_Work required:_ From the first line to the last, restate the material word for word, omitting pictures.

_Dataset content:_
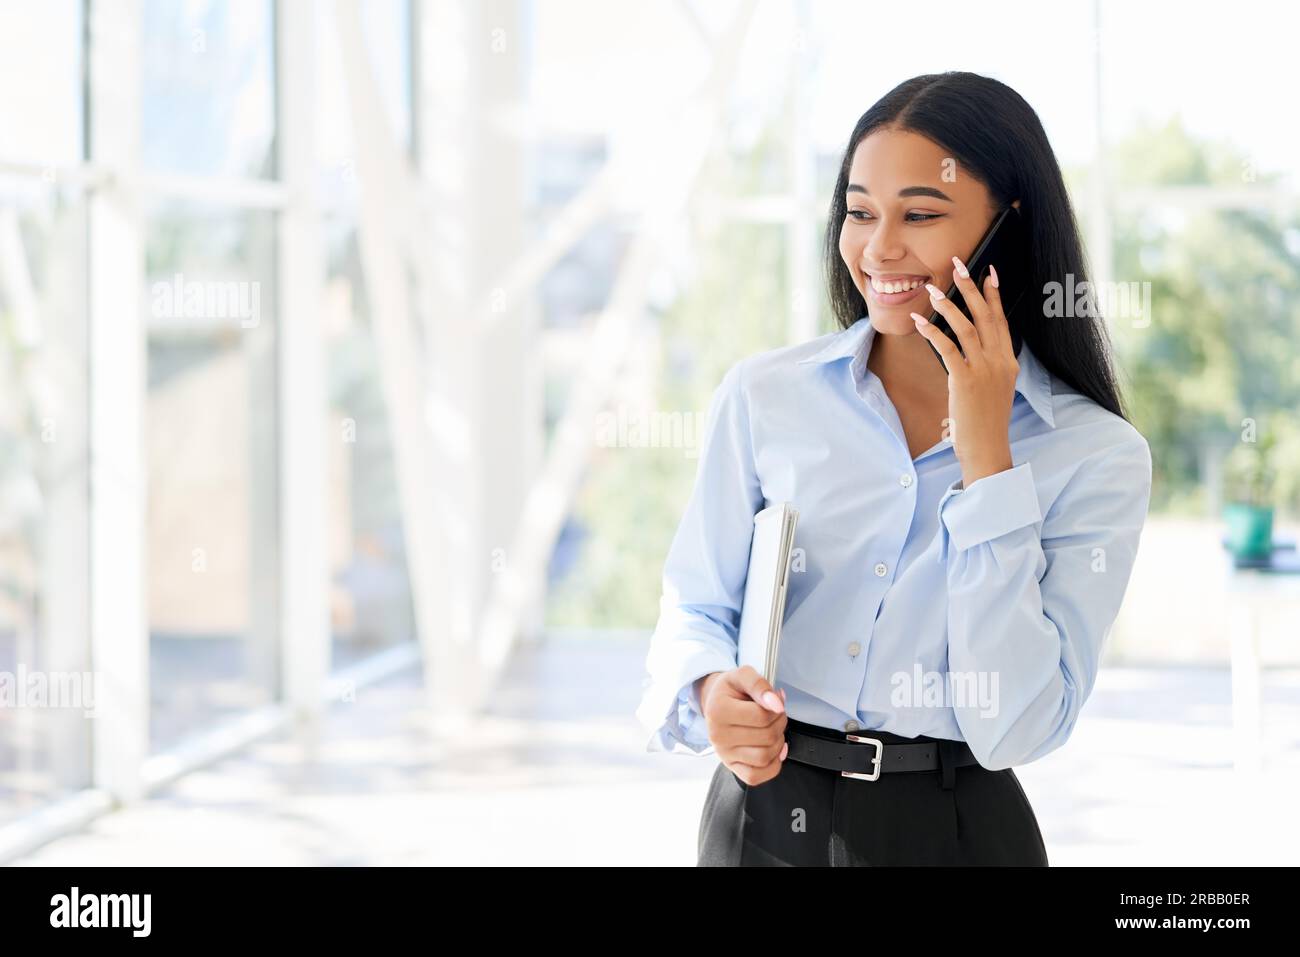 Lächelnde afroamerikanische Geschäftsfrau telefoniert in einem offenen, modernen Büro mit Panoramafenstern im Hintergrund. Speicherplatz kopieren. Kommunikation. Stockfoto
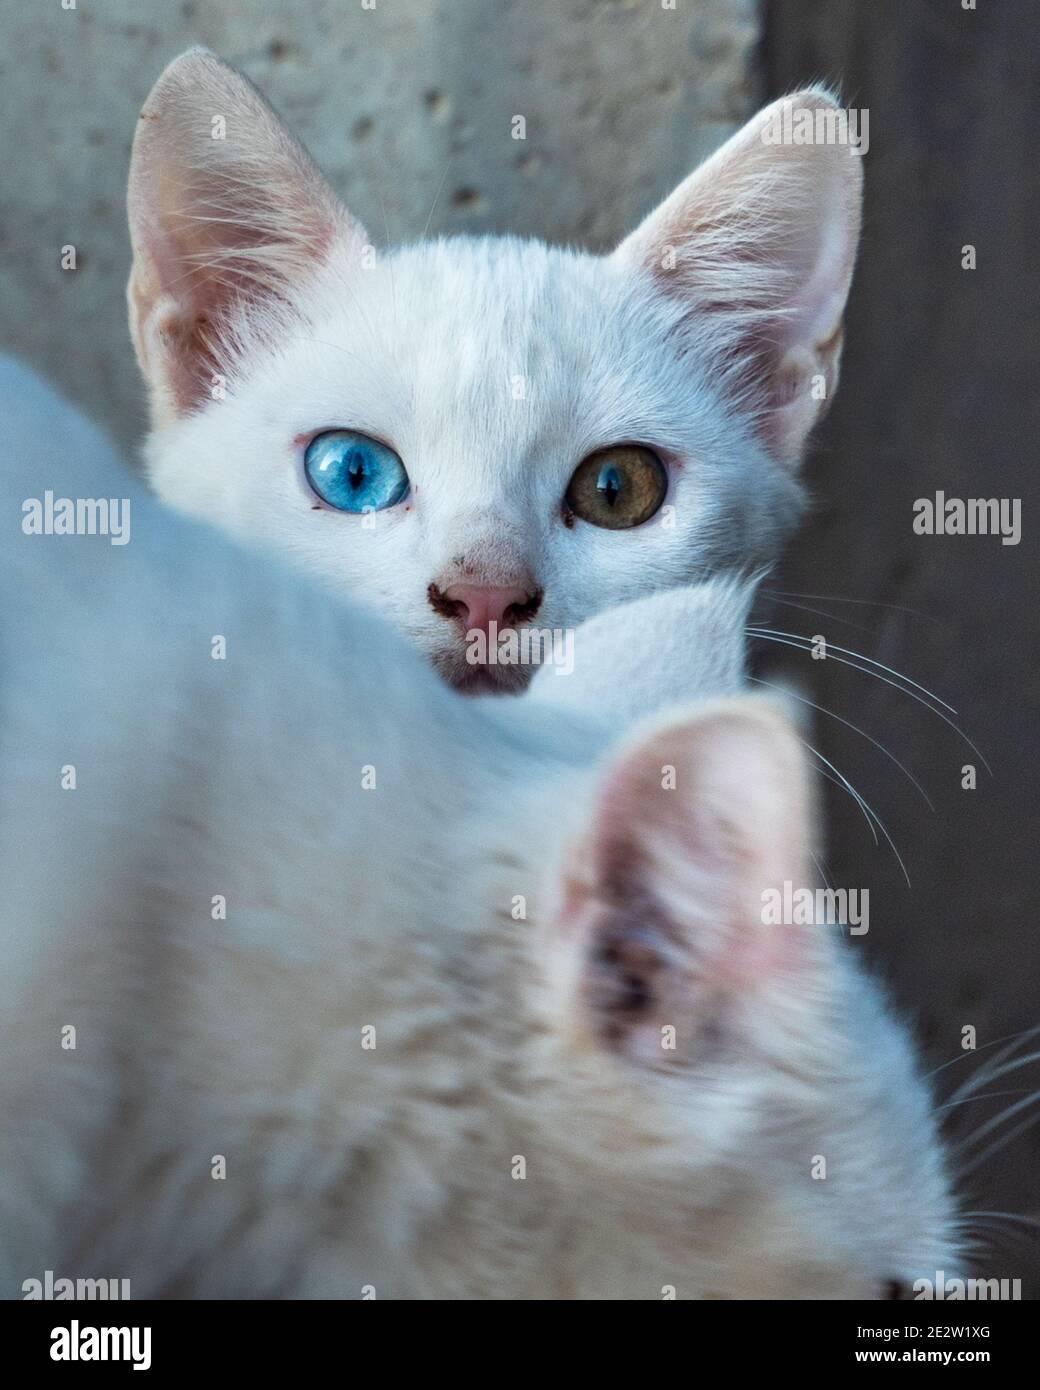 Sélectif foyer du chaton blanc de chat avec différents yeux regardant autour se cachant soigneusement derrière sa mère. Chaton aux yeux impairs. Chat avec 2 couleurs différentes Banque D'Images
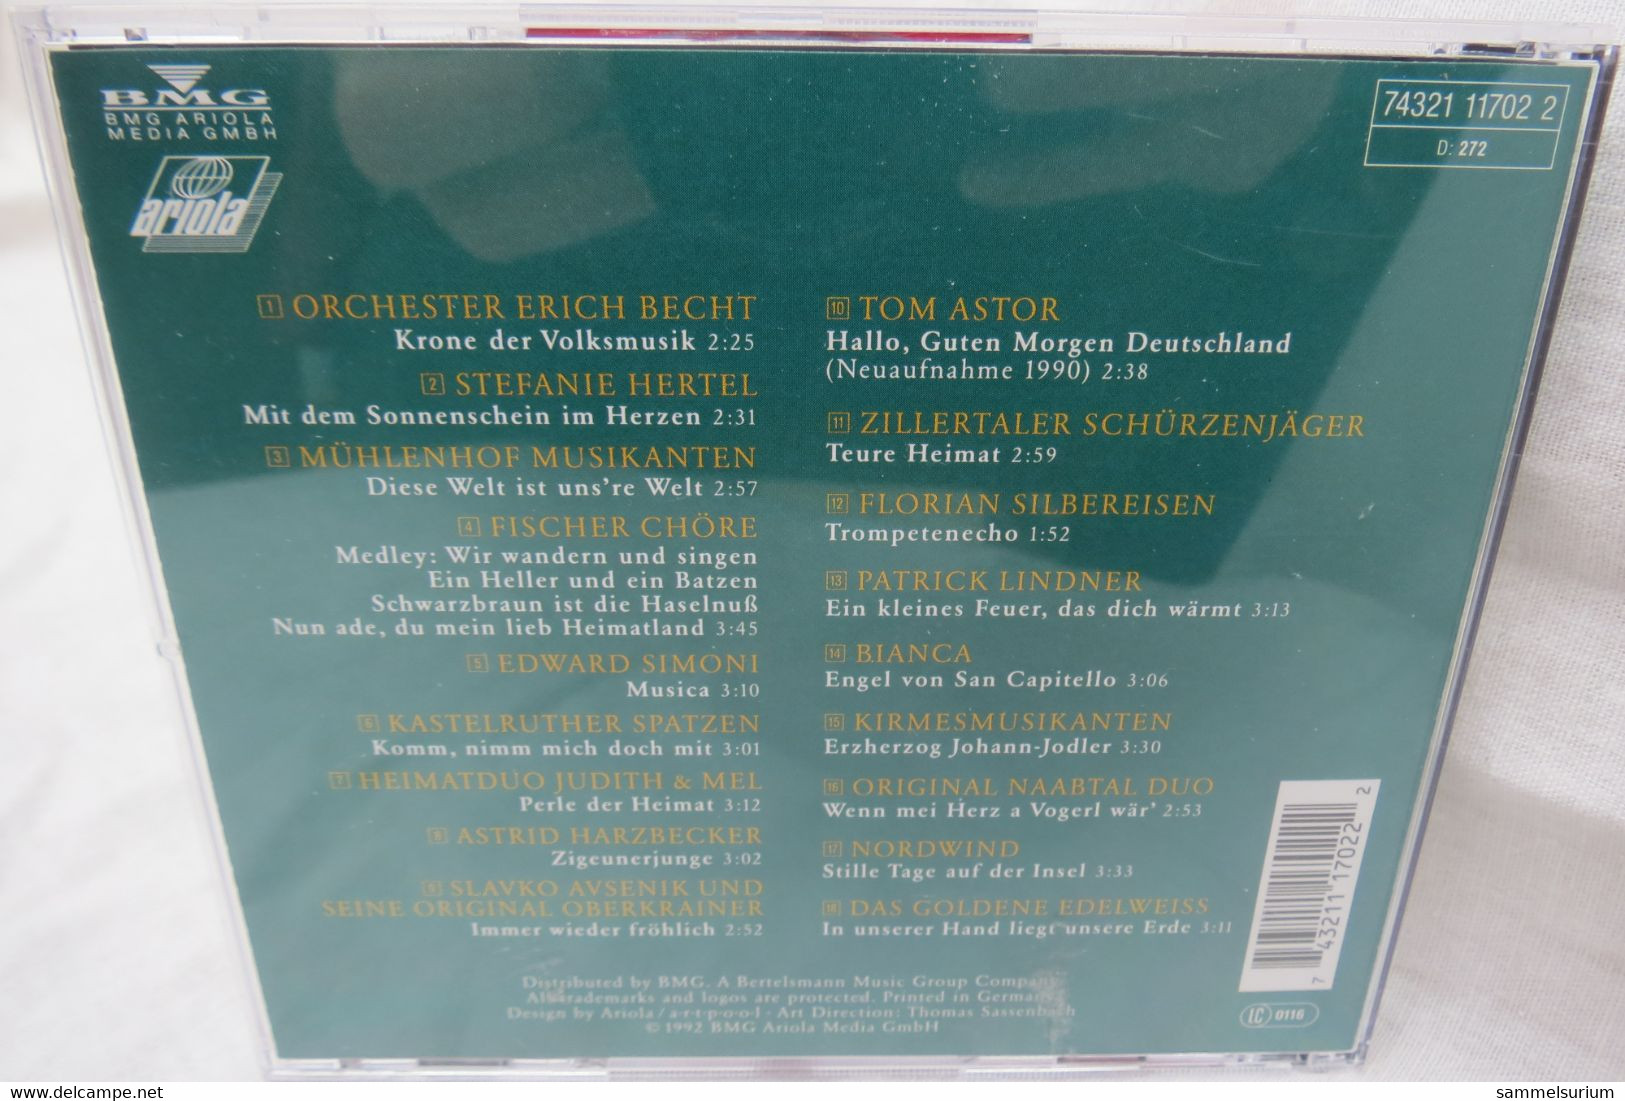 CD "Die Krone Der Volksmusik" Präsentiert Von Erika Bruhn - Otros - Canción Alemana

_Task result:_
 Lächelnde afroamerikanische Geschäftsfrau telefoniert in einem offenen, modernen Büro mit Panoramafenstern im Hintergrund. Speicherplatz kopieren. Kommunikation. Stockfoto
 Sélectif foyer du chaton blanc de chat avec différents yeux regardant autour se cachant soigneusement derrière sa mère. Chaton aux yeux impairs. Chat avec 2 couleurs différentes Banque D'Images
 CD "Die Krone Der Volksmusik" Präsentiert Von Erika Bruhn - Otros - Canción Alemana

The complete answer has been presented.